New Host, Kelly McEvers, Will Bring Her Midwestern Roots To All Things Considered

 

Kelly McEvers Stephen Voss/NPR

Kelly McEvers knew from the first story she wrote for the Daily Illini, while studying at the University of Illinois, that she wanted to be a journalist. More recently, you've heard her report as NPR's Beirut Bureau Chief and now as one of the new hosts of All Things Considered

"The very first story I was assigned in early 1993 - as soon as I did that story I knew I was going to be a journalist," said McEvers.

She quickly made her name in journalism starting as a metro reporter for the Chicago Tribune where she documented the lives of female gang members for the Sunday magazine. 

I want to understand. I want to bridge these two worlds that cannot understand each other. I want to be part of that conversation. Kelly McEvers

Before becoming host of All Things Considered, McEvers ran NPR's Beirut bureau, where she earned a George Foster Peabody award, an Alfred I. DuPont-Columbia award, a Gracie award, and an Overseas Press Club mention for her 2012 coverage of the Syrian conflict. 

She says her desire to become a foreign correspondent grew out of 9/11. "One sixth of the population of the world is Muslim and all the sudden we were saying 'who are these people and why do they hate us?’ And I think everybody’s hunch was ‘Well, not all of them hate us, right, but some of them hate us and how did we get there.”

“From that point forward I knew that was a question that I wanted to explore,” said McEvers.

Kelly McEvers

Kelly McEvers

Photo Credit: NPR

She says her stint as a war reporter grew out of her quest to answer that question. “I always knew that all roads kind of lead to the Middle East, that that was the final destination,” said McEvers.

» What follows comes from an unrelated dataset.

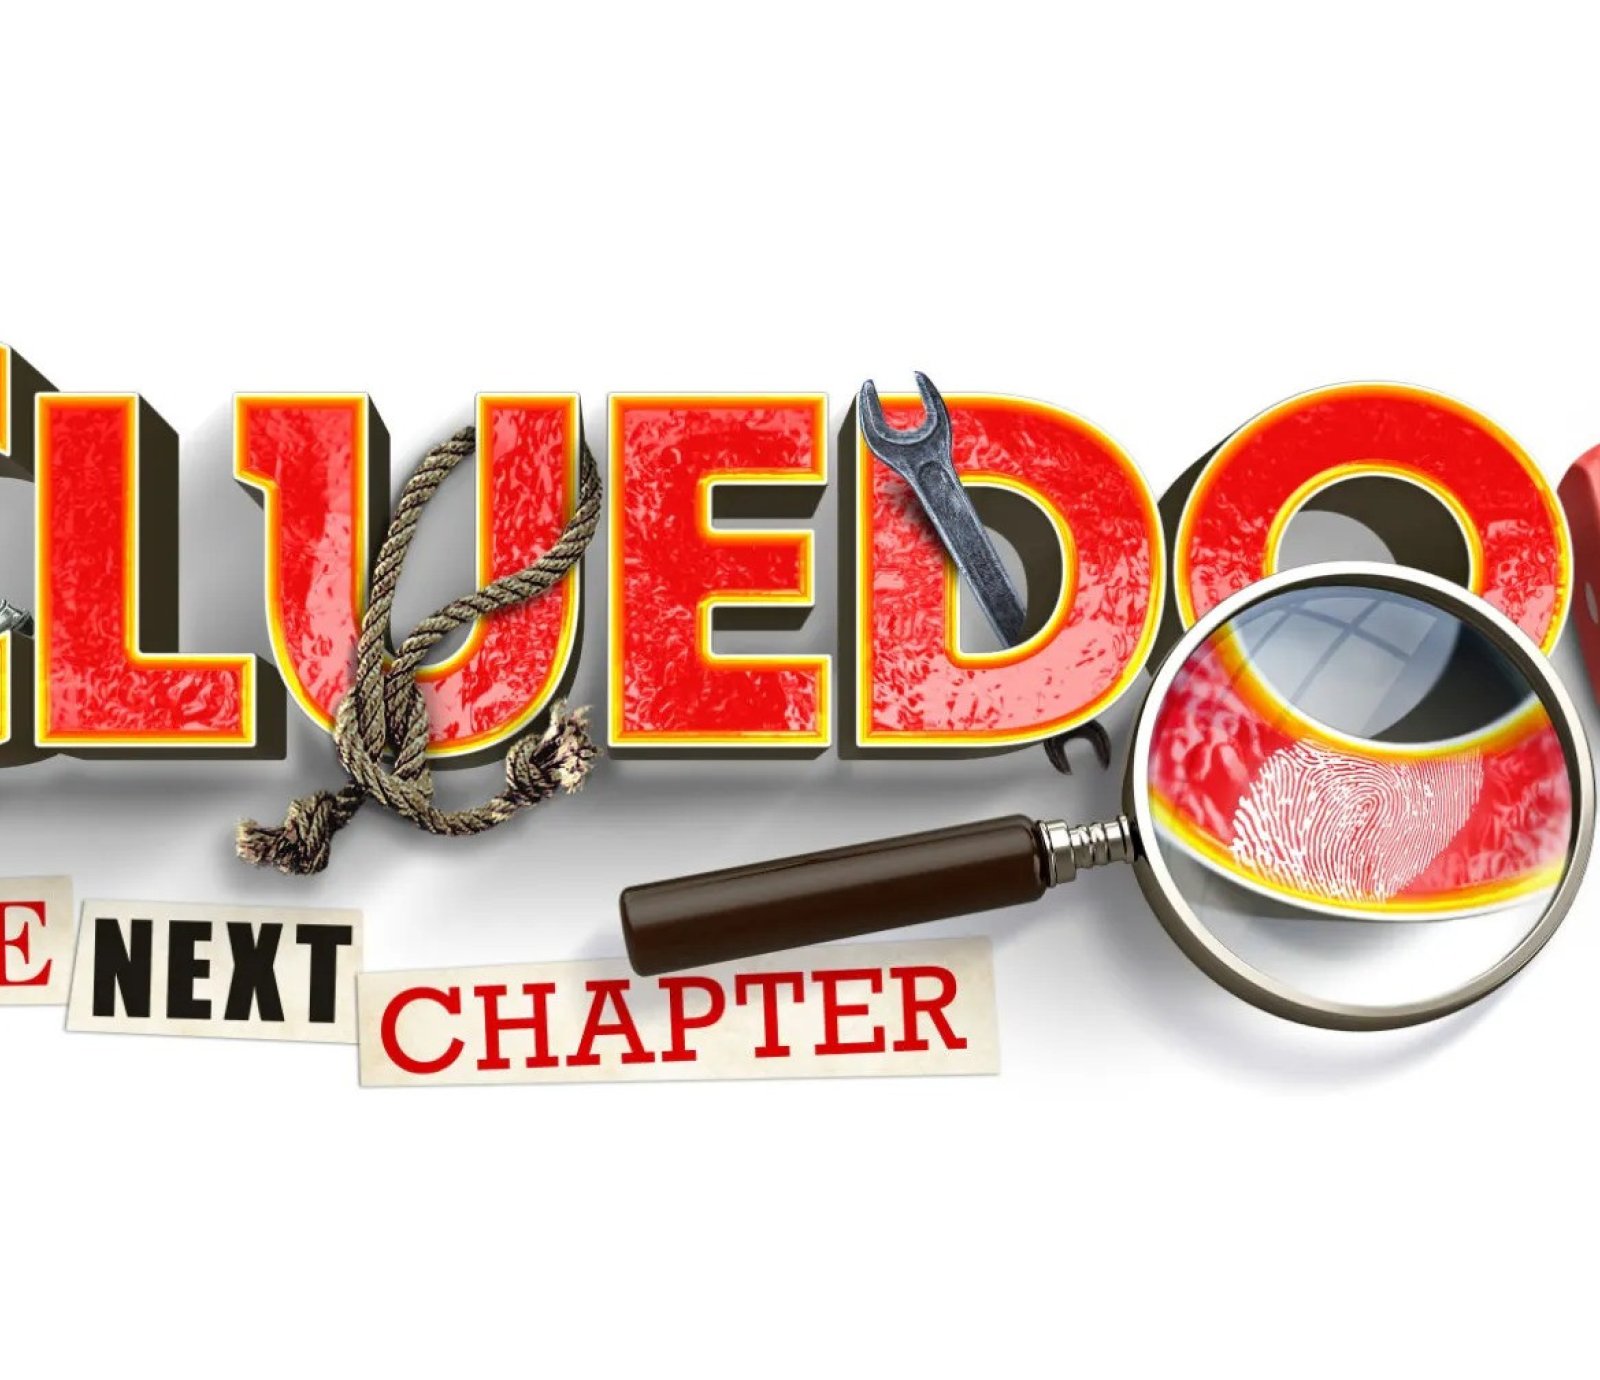 Cluedo 2 - The Next Chapter

“And if you are a correspondent in the Middle East it’s pretty likely that you are going to end up seeing some conflict.” 

“One of those days it’s like ‘Should I go into this place where there’s shooting, yeah, I probably should.”

She chronicled her experience as a war correspondent in a riveting audio documentary for Transom, called Diary of a Bad Year: A War Correspondent’s Dilemma. As she worked on the documentary she was in the midst of covering the Arab Spring. Colleagues and friends were being injured, killed, and kidnapped.

Through the documentary McEvers examines many of the big questions about her work that she’d been asking herself, but didn’t yet have an answer to. Now home, McEvers says hosting All Things Considered is “totally different but yet strangely the same.”

“I thought “Wow, I’m going to be in a studio two weeks out of every month, day in and day out that could not be more different than being out in the field as a Middle East correspondent. But it’s funny, when you are sitting in the studio what are you doing all day? You’re talking to people. It’s the same thing, it’s the same set of principles we apply when we’re reporters,” said McEvers. 

My theory is that everybody wants to talk, and everybody has a story to tell. They just need to know that you are listening.  Kelly McEvers

McEvers says that as a Midwesterner, she hopes to increase the Midwestern stories and perspectives we hear on shows like All Things Considered.

“I would say we already have people on the ground [reporting Midwestern stories] but if I can in any way add to that I totally want to. … Any time anyone brings me a Midwest pitch it’s pretty likely I’m going say yes, so expect that.”

She didn’t just go to undergrad in Illinois, McEvers grew up in Lincoln, Illinois. In high school she was on the debate team as well as part of the marching band and pep band. (“Somewhere there’s some Lincoln Railers stuff at our house”) and says she is proud of her hometown. “It’s a really great town. I grew up in a really great town, man. I can’t knock it.”

Oh, and when she isn’t busy bringing us the latest on All Things Considered, she is also working on a podcast for NPR that we can expect early next year.